-- What the exercise asks --
With the pictures omitted, repeat exactly the lines below starting with the line that has "Columbia Men's Allendale" and going on through the line that has "F1 CEO Chase Carey".

-- Recorded data --
━━━━━━━━━━━━━━━━

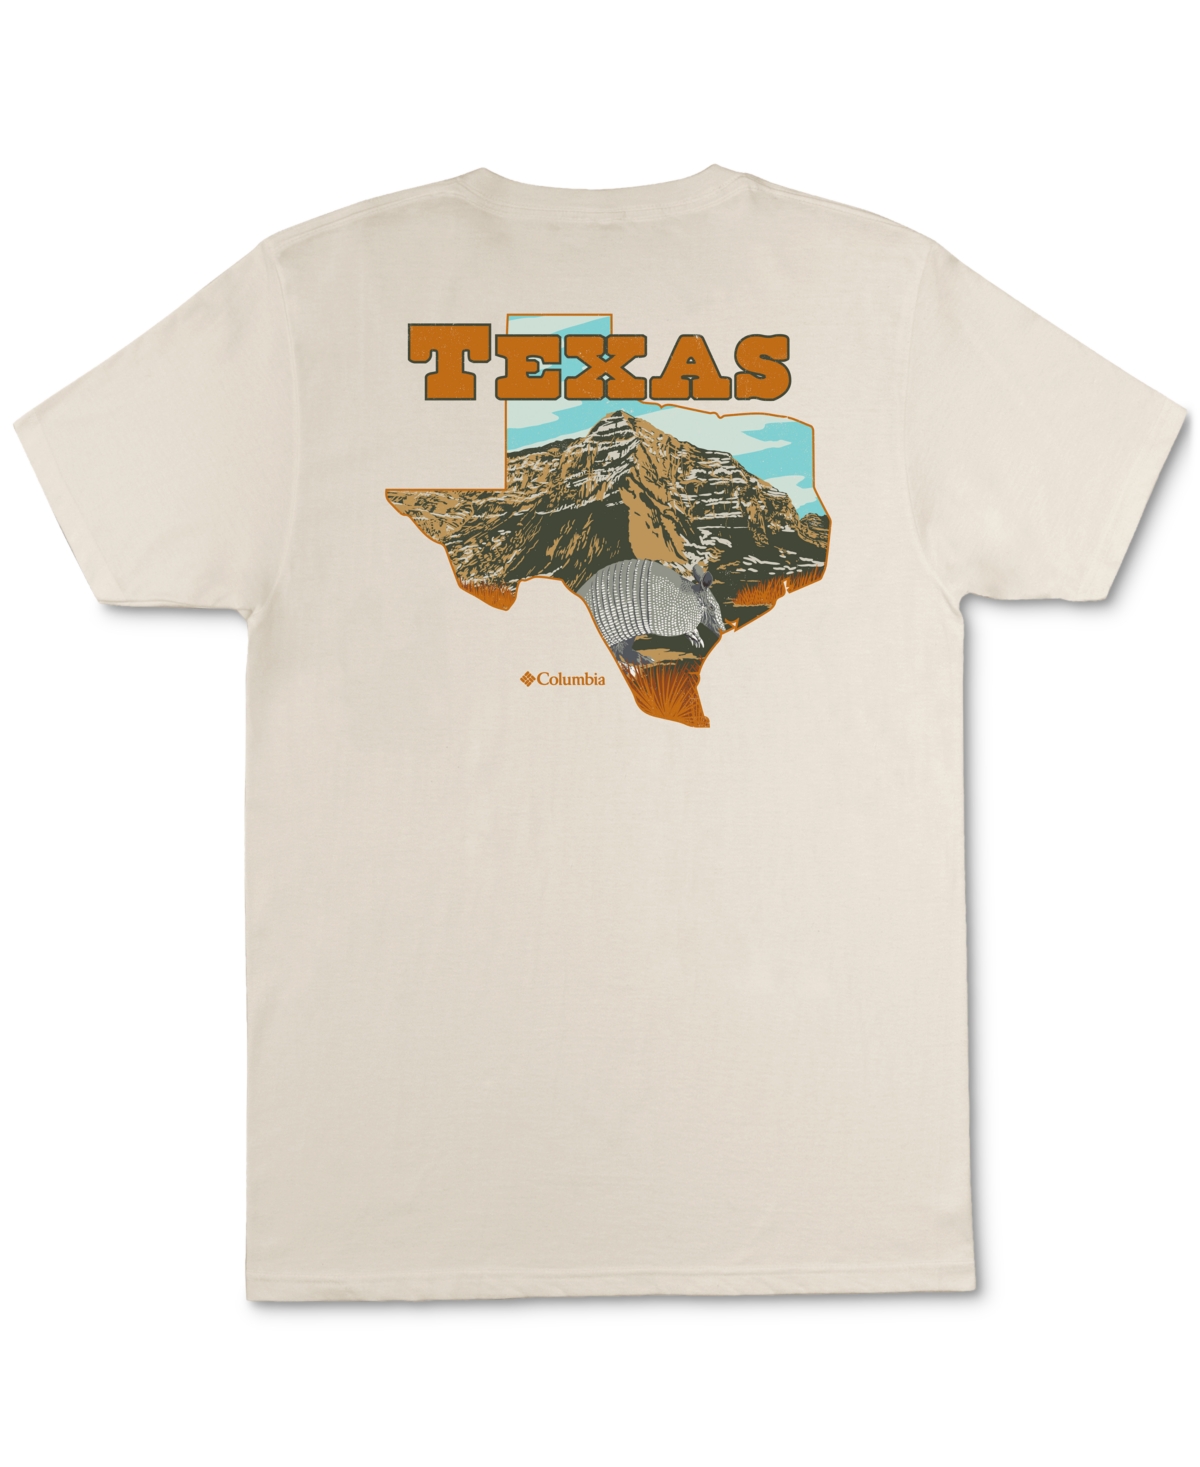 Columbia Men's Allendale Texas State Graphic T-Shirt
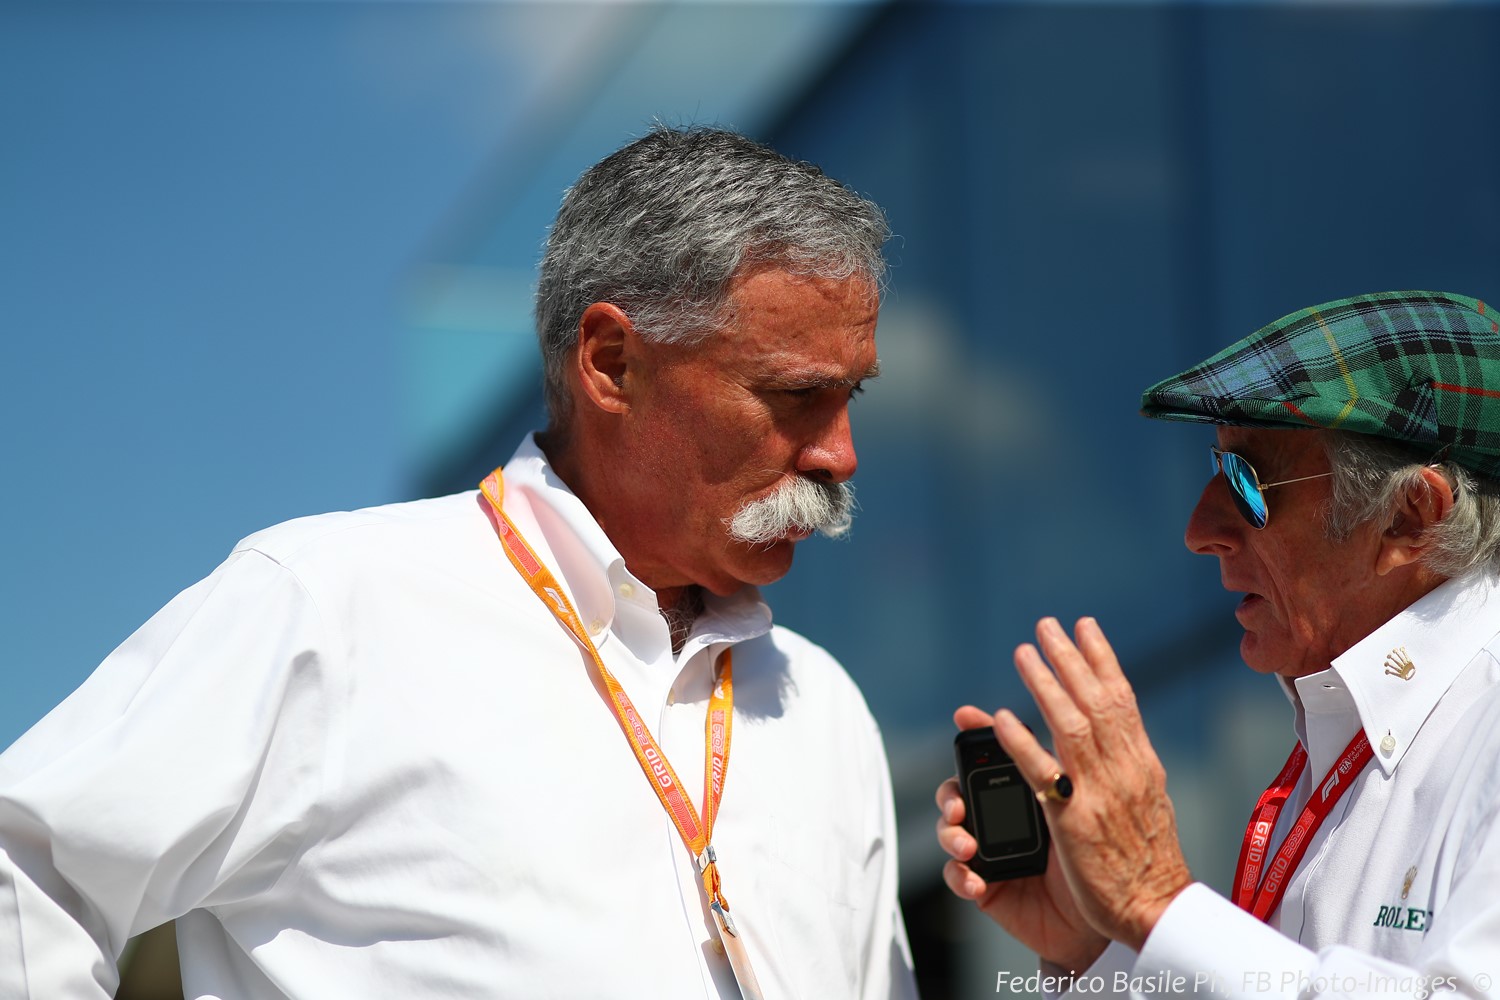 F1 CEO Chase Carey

━━━━━━━━━━━━━━━━

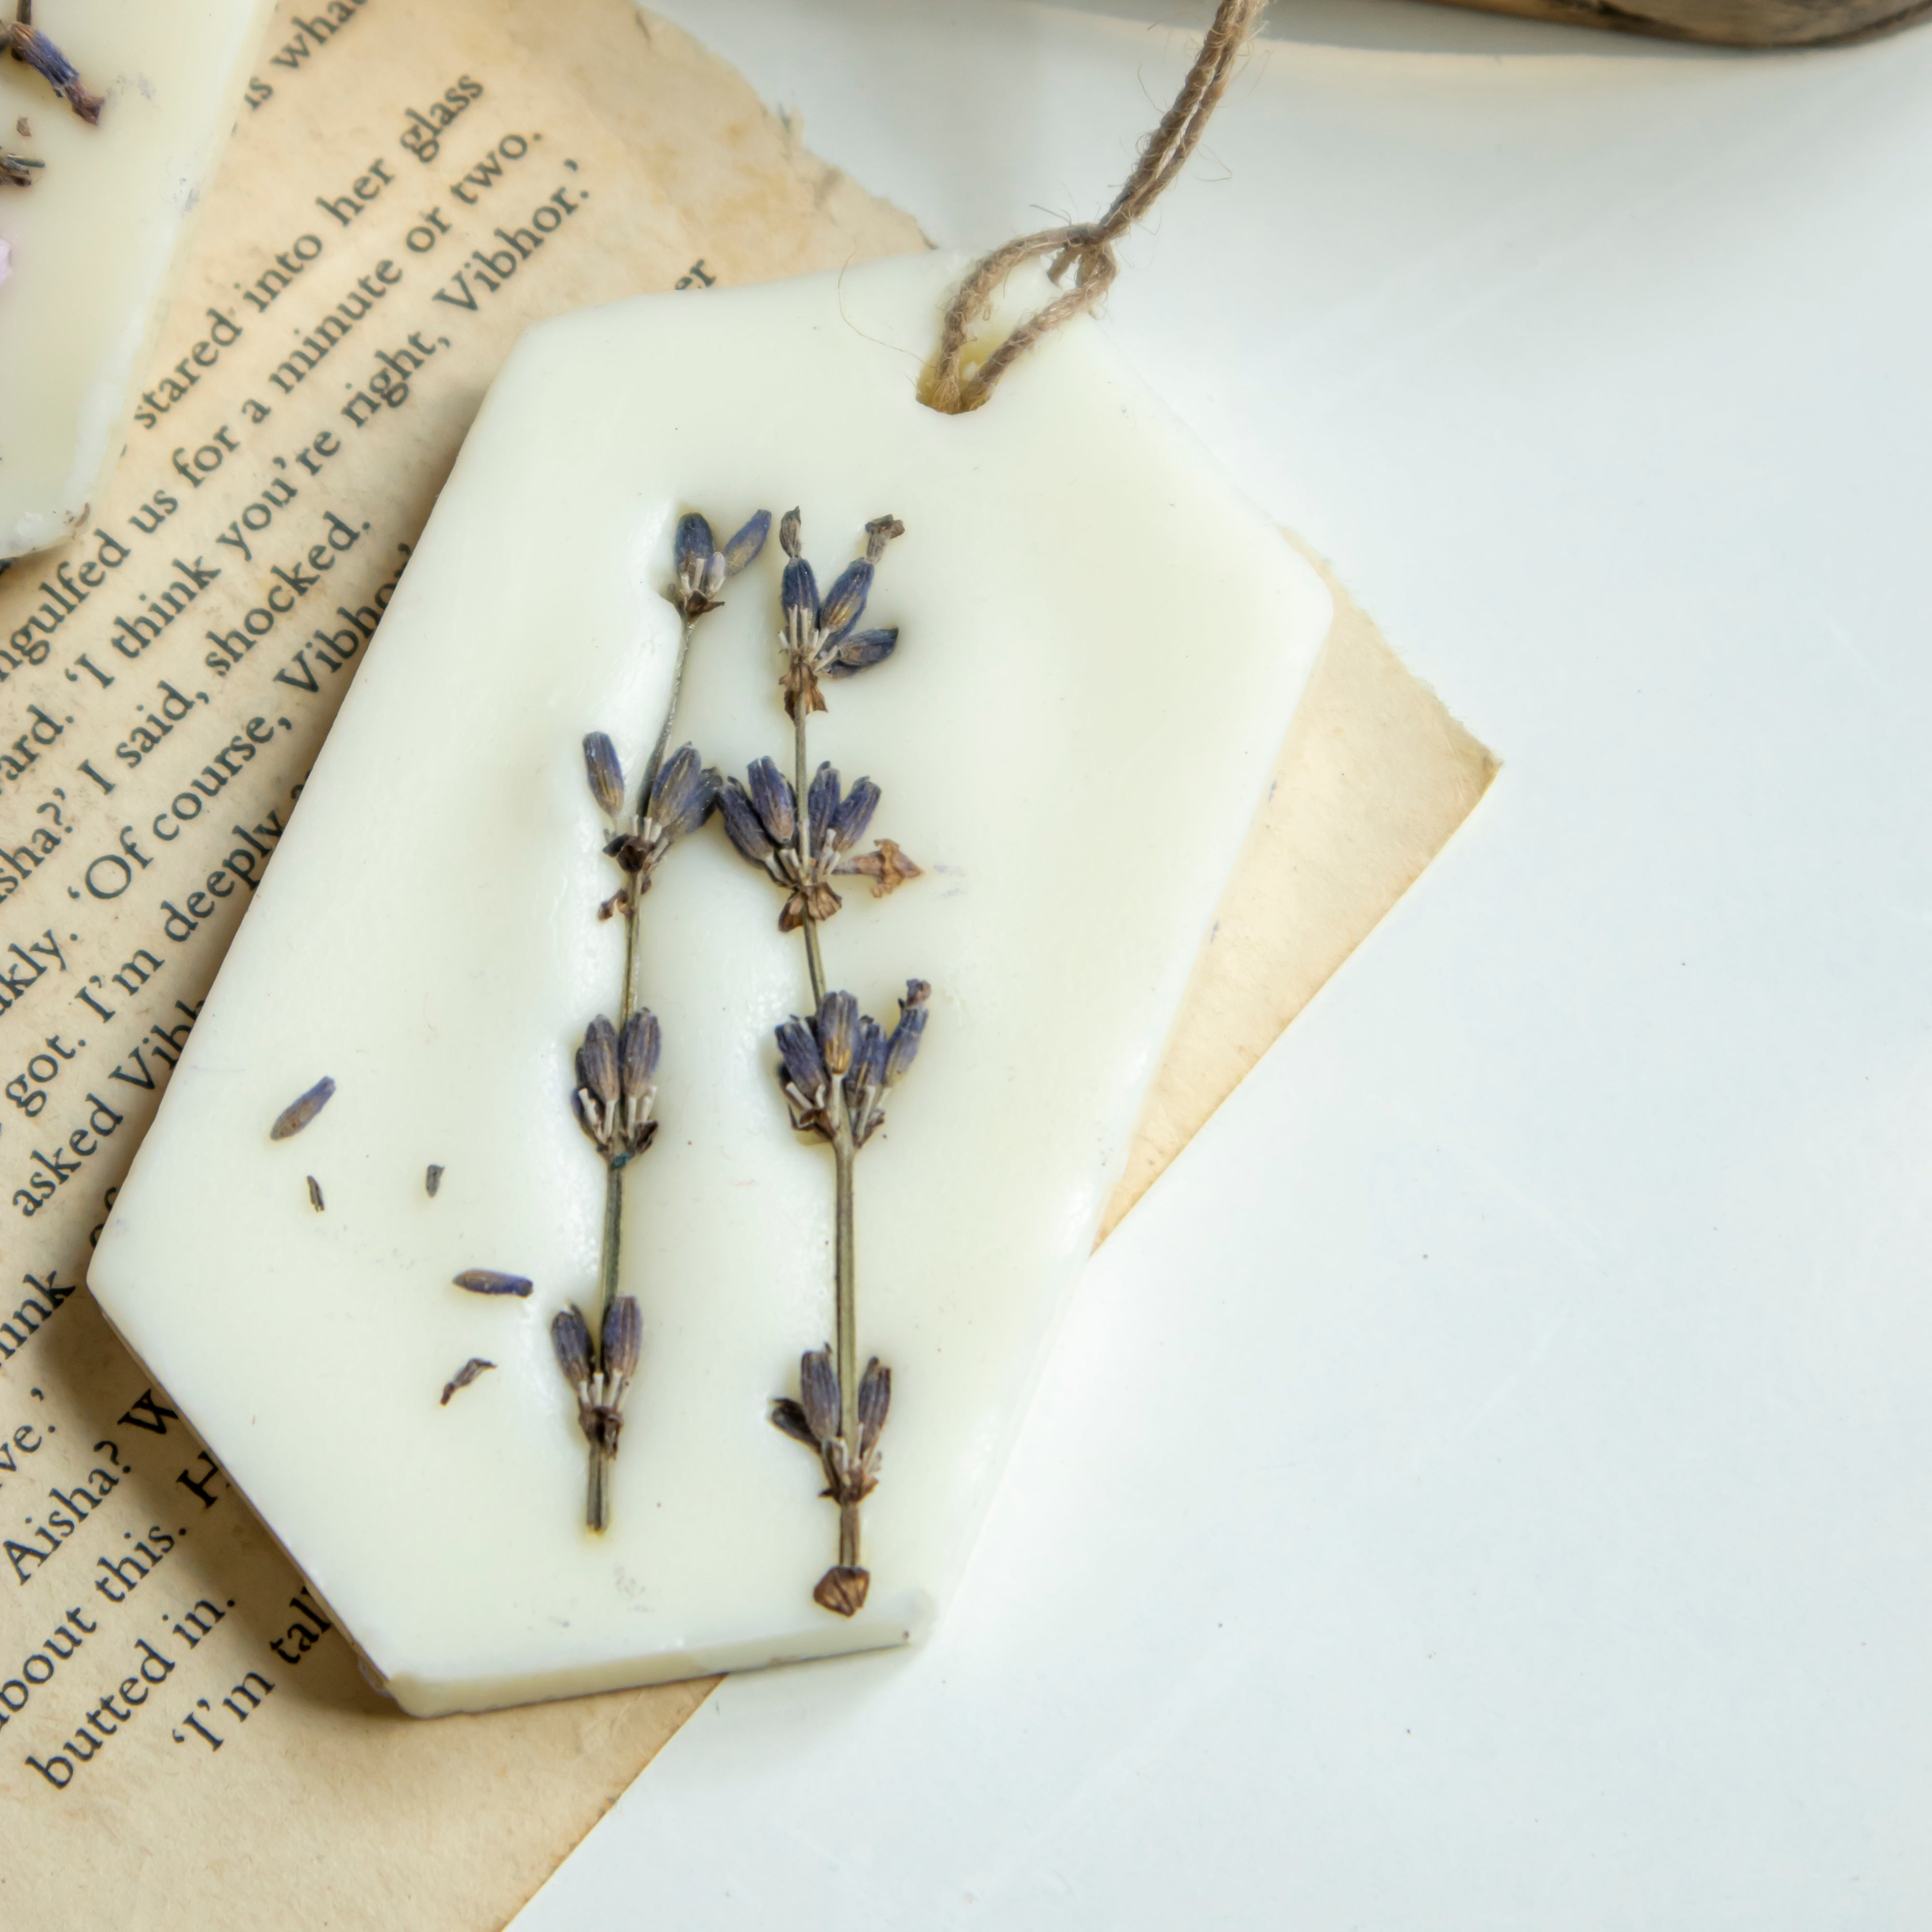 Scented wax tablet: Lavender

━━━━━━━━━━━━━━━━

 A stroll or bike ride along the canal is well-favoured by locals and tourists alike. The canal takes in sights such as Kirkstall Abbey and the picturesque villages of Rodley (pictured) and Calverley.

━━━━━━━━━━━━━━━━

-- Answer to the problem --
 Columbia Men's Allendale Texas State Graphic T-Shirt
 F1 CEO Chase Carey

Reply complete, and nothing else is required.